Radio Derby used to send a team to cover Wimbledon EVERY YEAR! - almost as if the BBC didn't have any other broadcasters there - it was simply a jolly for the sports department - goodness knows how much they wasted on that over the years....

Thankfully they've now stopped the individual stations from sending reporters (though I'm sure I heard the annoying woman on the evening programme (who covers the East Mids) saying she was presenting from down there this year so still some waste....)

I think you can make an argument for the radio presenters to be paid a decent salary - like him or loathe him, Evans has made the Radio 2 breakfast show the most listened to programme on radio, so he's doing something right - swap him for (the also vastly overpaid) Vanessa Feltz and you'd see the listener numbers tumble.
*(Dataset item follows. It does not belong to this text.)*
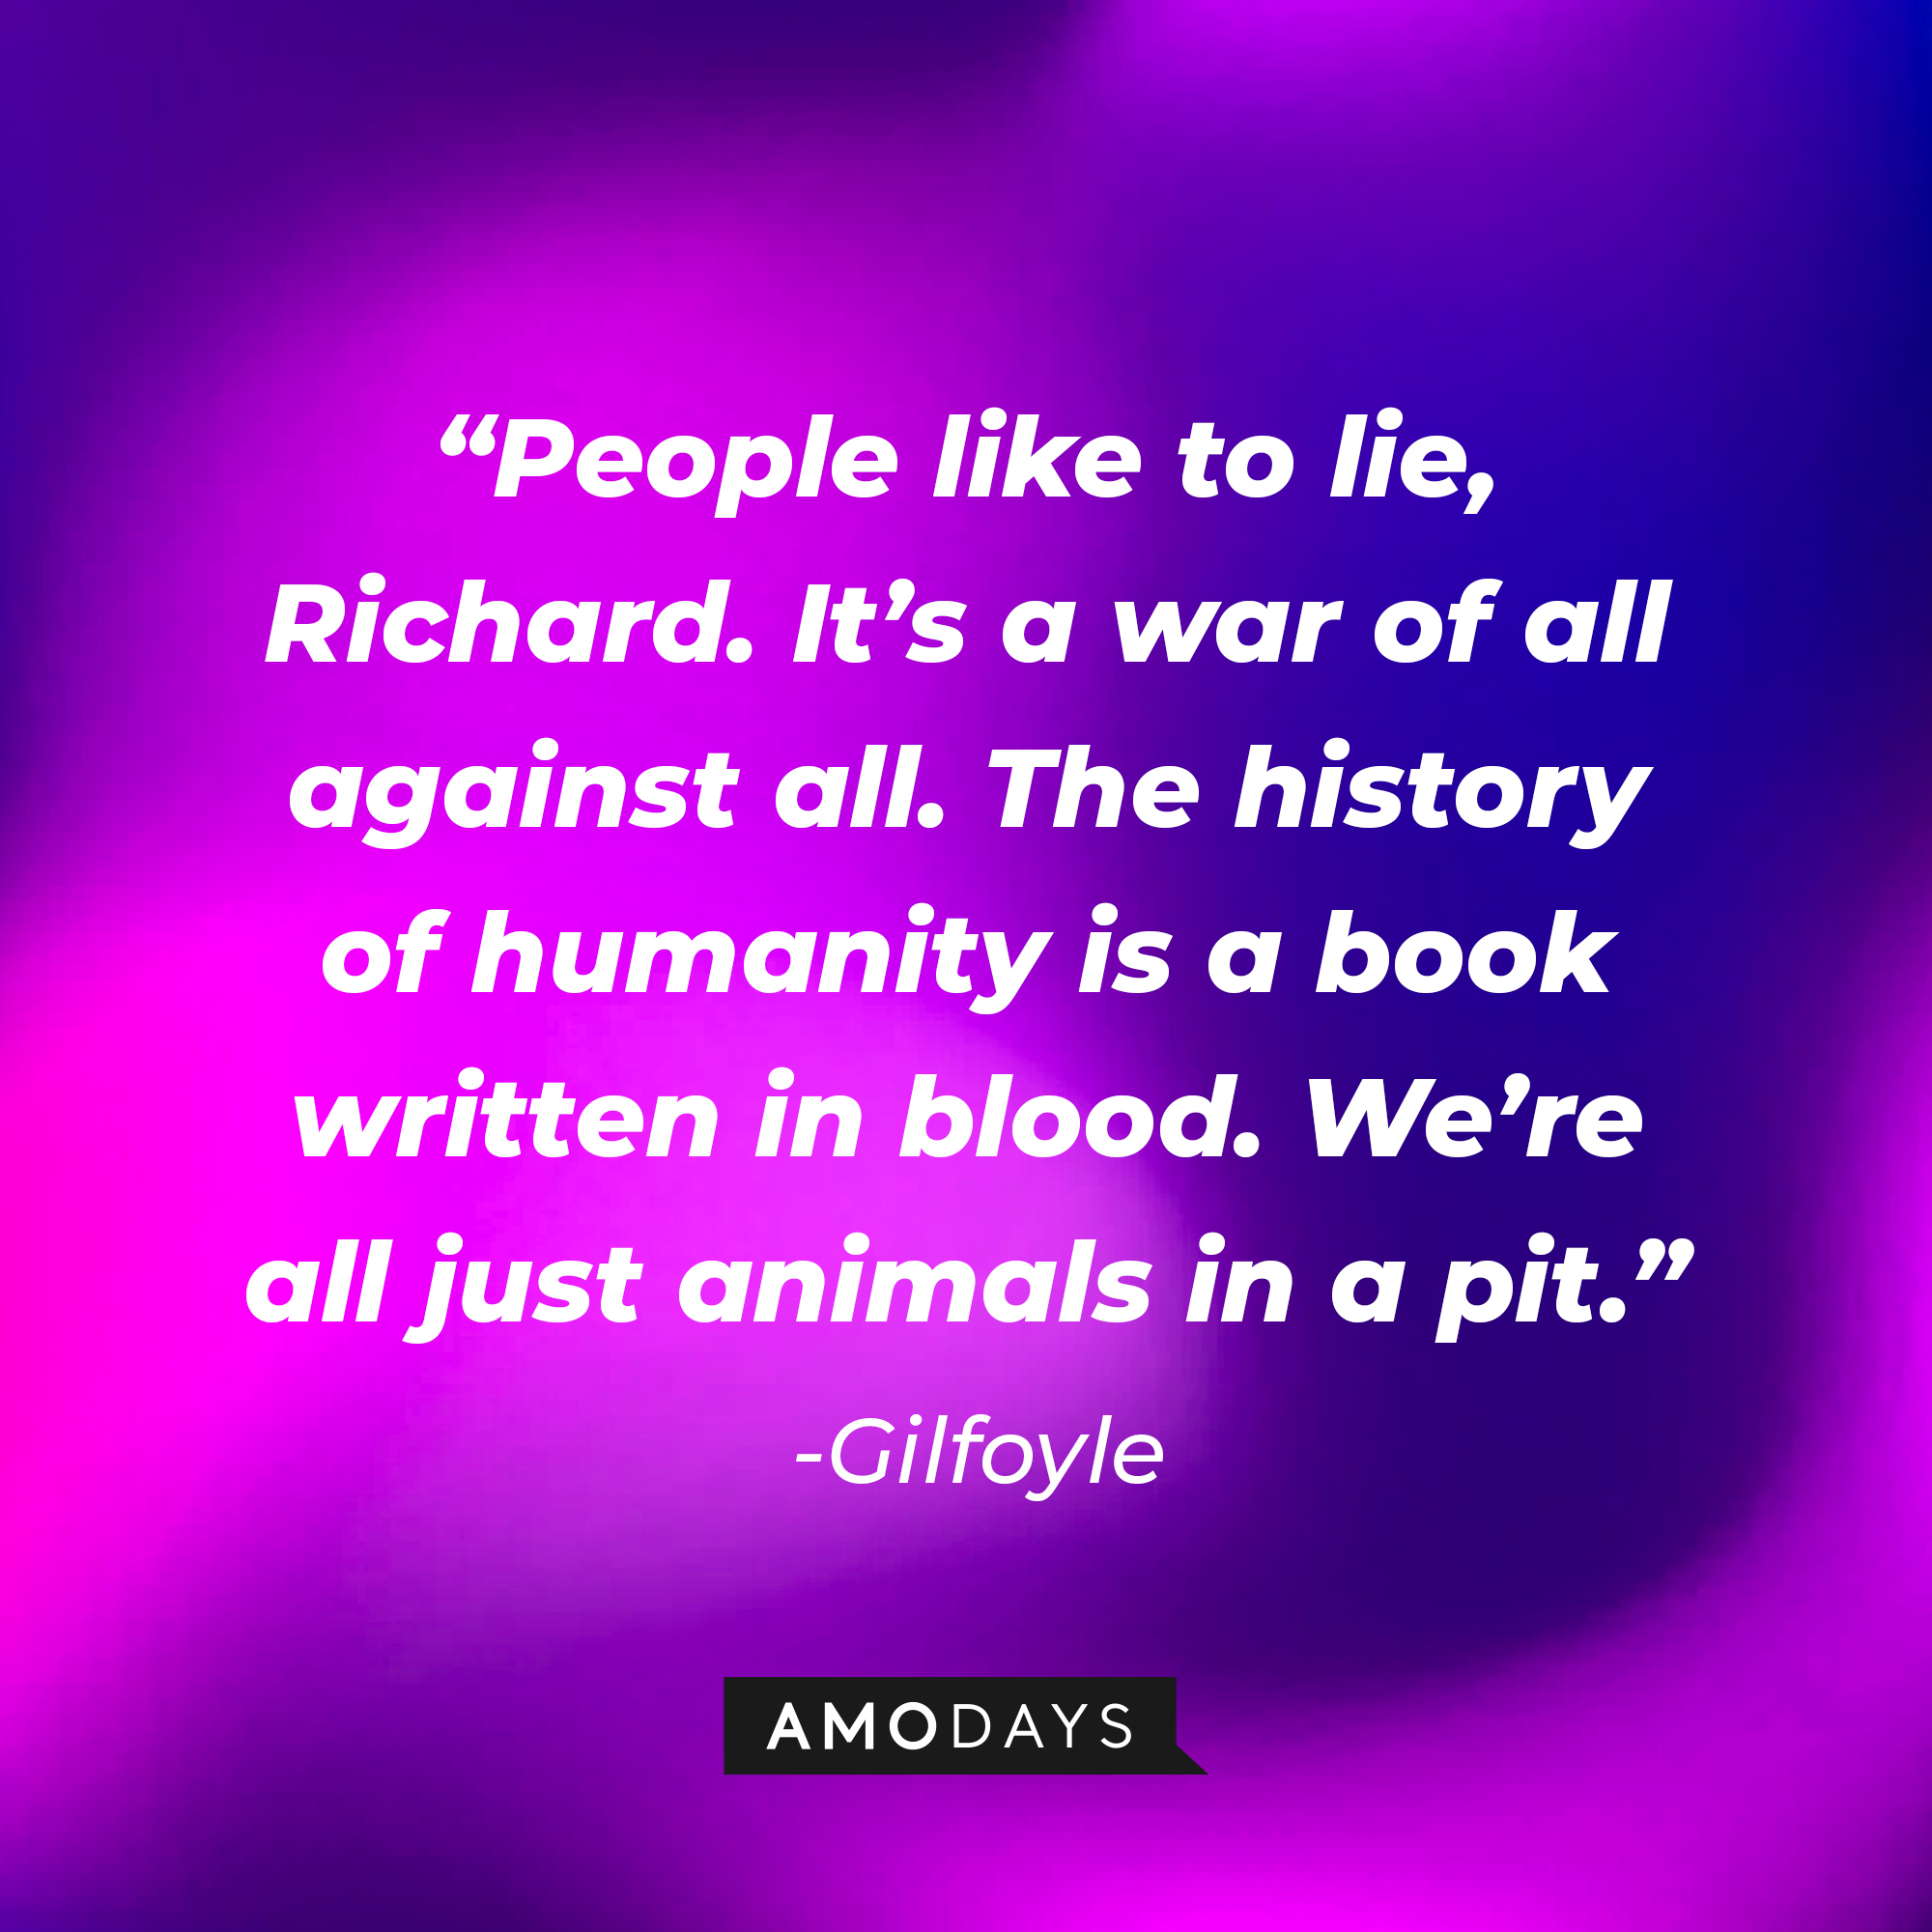 Gilfoyle's quote: “People like to lie, Richard. It’s a war of all against all. The history of humanity is a book written in blood. We’re all just animals in a pit.” | Source: Amodays

Where I have a huge issue with the salaries is the likes of Hugh Edwards - sits on his arse reading from an autocue (adding nothing to content at all) and gets nearly £500M a year - and also seems to get significantly more than women doing the same job. Noticed he hadn't got the balls to present the news last night - guess he was too embarrassed.....

Let's say Huw Edwards gets  paid £600,000 a year, as has been published in the papers. He presents the BBC News at 10 for five days a week, 52 weeks a year. By my estimate that would mean he earns £2307 a day or £288 an hour (for an eight hour day). However, this does not take into account the fact that he also hosted (until very recently) the Wales Report on BBC Wales. He also did a a series of programs for the BBC covering the Aberfan disaster.

The reason he got paid more than nearly everyone else is because he's the flagship presenter for the BBC's flagship news program five days a week and that he does other programs. 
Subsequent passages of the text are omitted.